It was a Thursday night. I had been asked to bring Holy Communion to the home of a man named Joseph Macri. All I knew about Joseph is that he was on hospice and was expected to die very shortly. His daughters wanted him to receive Jesus in the Eucharist one last time.
When I entered the home, Joseph was asleep on a bed in the living room. His daughters told me something about his life. He was 101 years old. Born in Italy, he came to the United States at age 11 when his parents finally had enough money for him to join them in Indiana.
He worked in an auto plant (Studebaker) until it closed, then found work in other factories. He built his own home in South Bend, Indiana by himself. He ushered at Notre Dame home football games for almost 40 years.
After his daughters woke Joseph up, he and I had a long conversation. Despite being so close to death, he had a gleam in his eye and a joyful spirit. He spoke lovingly of his wife, Gina, with whom he had shared 70 years of marriage. He said he had never raised his voice to her and that he always tried to fulfill every one of her requests. About his employment over so many years, he said simply, "I worked hard."

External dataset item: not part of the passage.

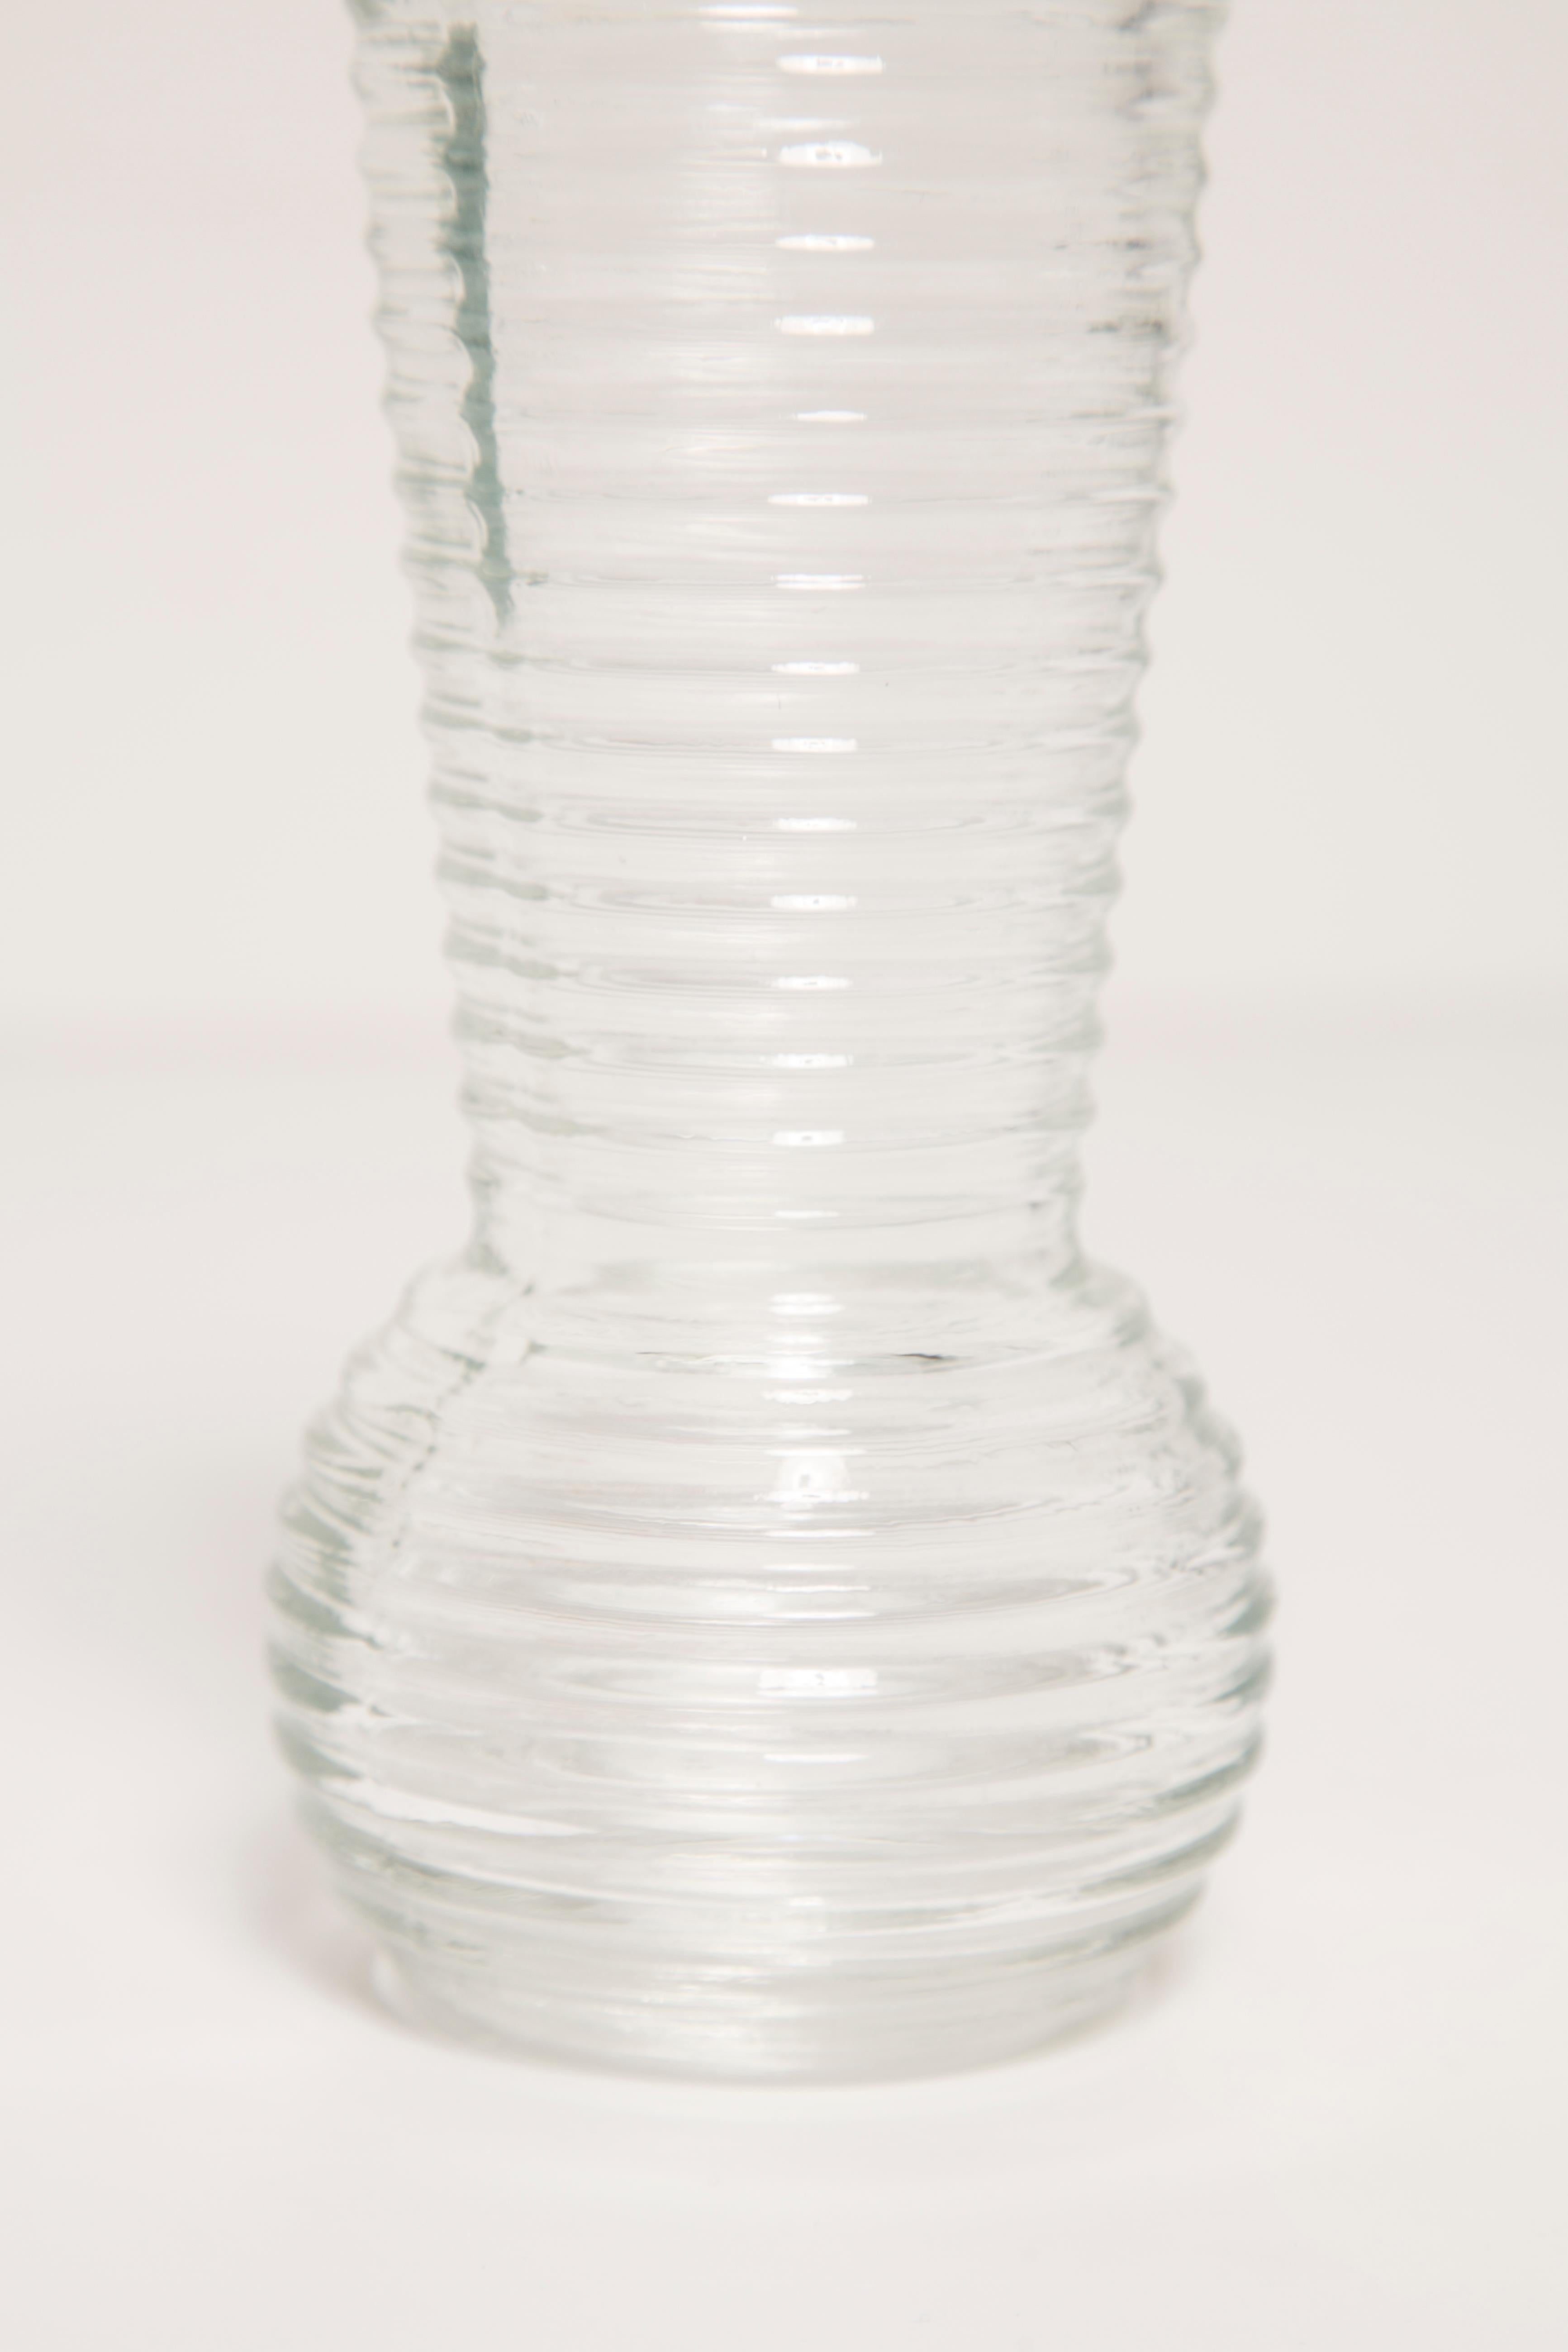 Midcentury Vintage Transparent Small Vase, Europe, 1960s For Sale 2
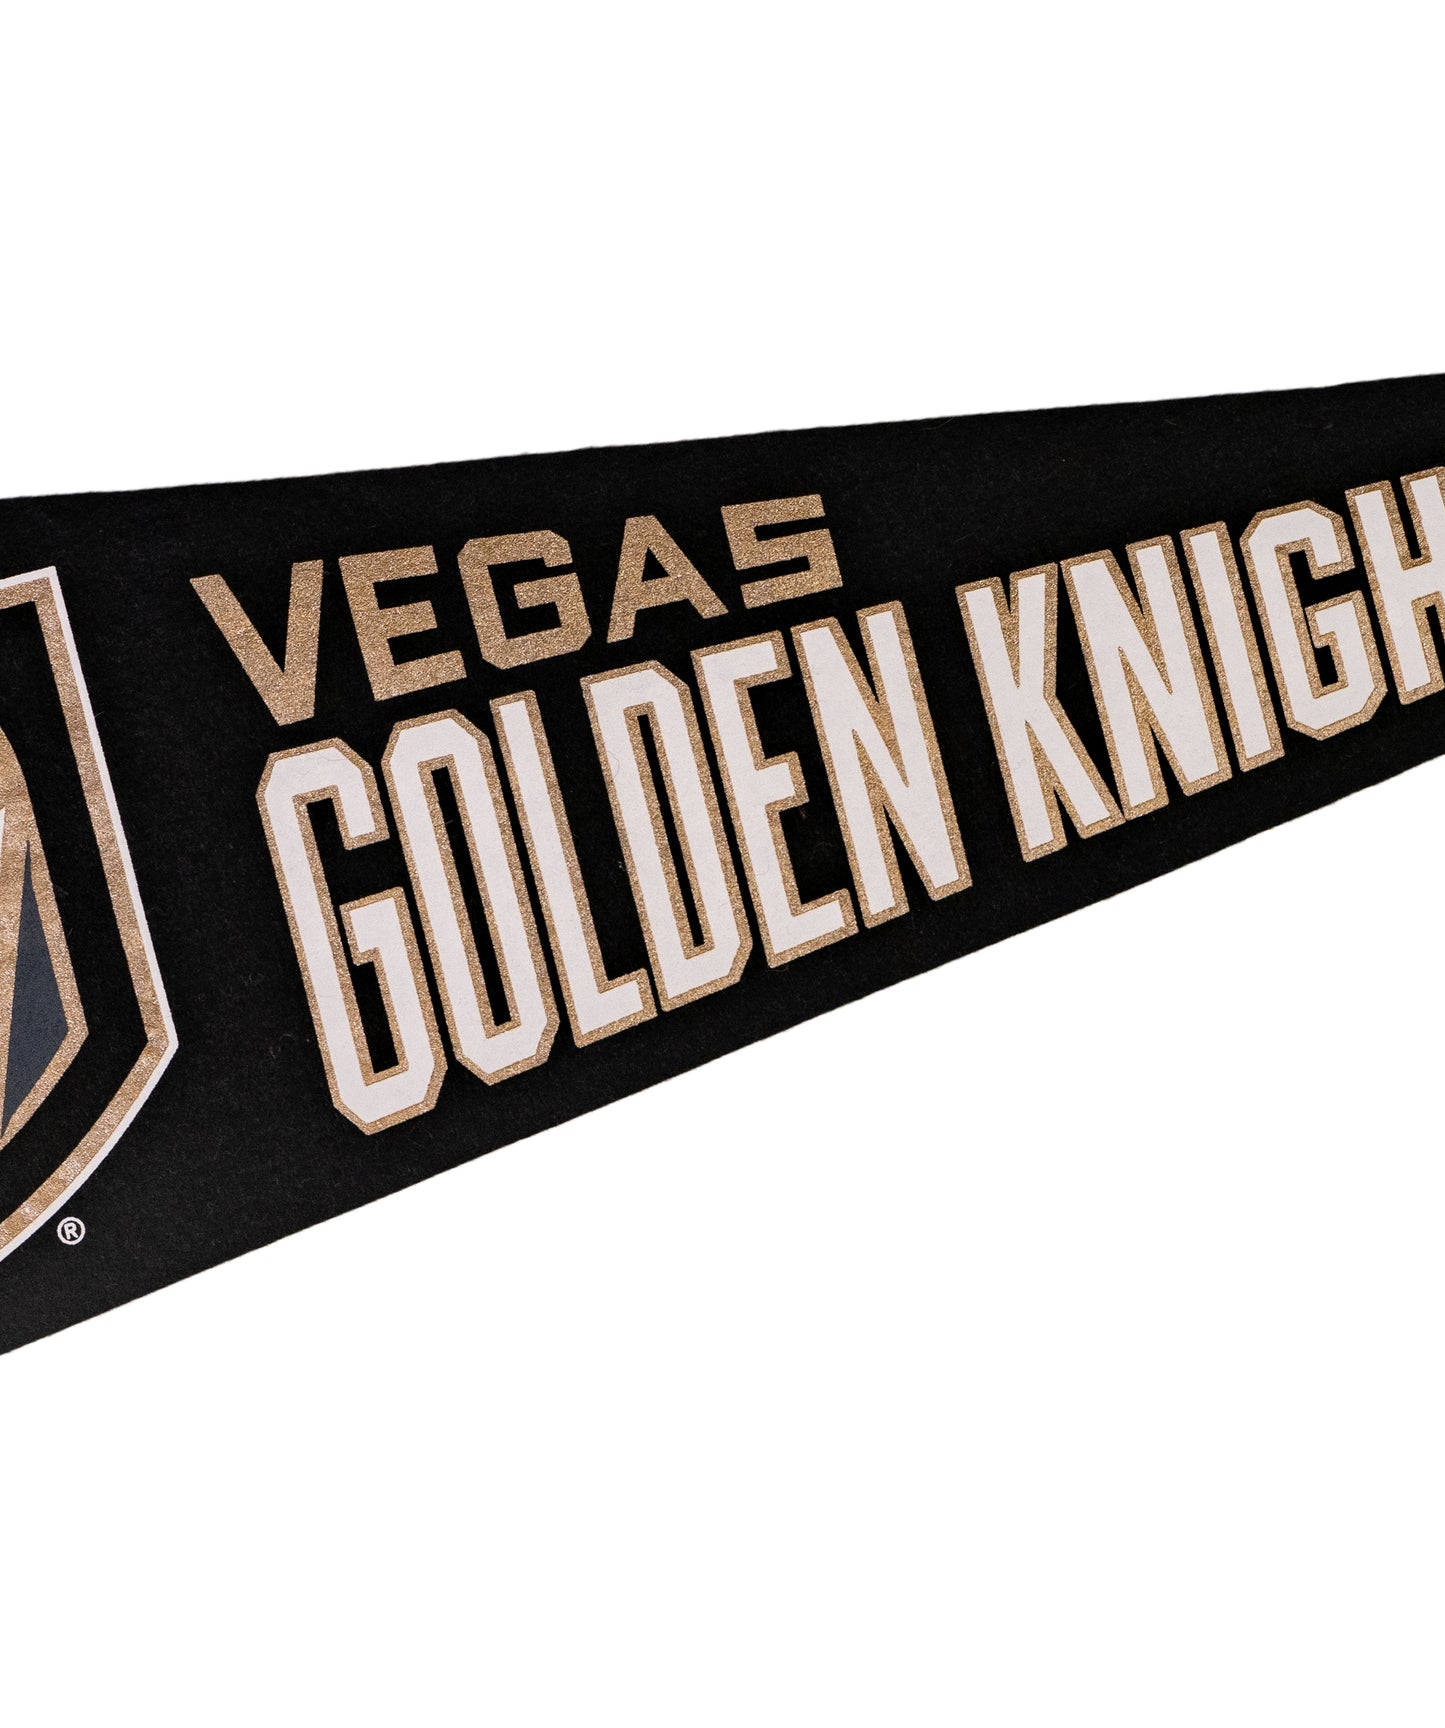 Vegas Golden Knights Pennant • NHL x Oxford Pennant

At around 3 a.m. on the following Saturday morning, I woke up and reflected on Joseph's life. I thought of how I would summarize the beauty and simplicity of his life. Here's what I came up with:
1. You do what you're supposed to do in every aspect of your life.
2. You do it as best as you can.
3. You experience the joy that comes when you follow steps 1 and 2.
A good prayer is that all of us would be inspired by the life of Joe Macri to live as he did. In our final moments on earth, may we, just like Joe, have a gleam in our eye and a joyful spirit.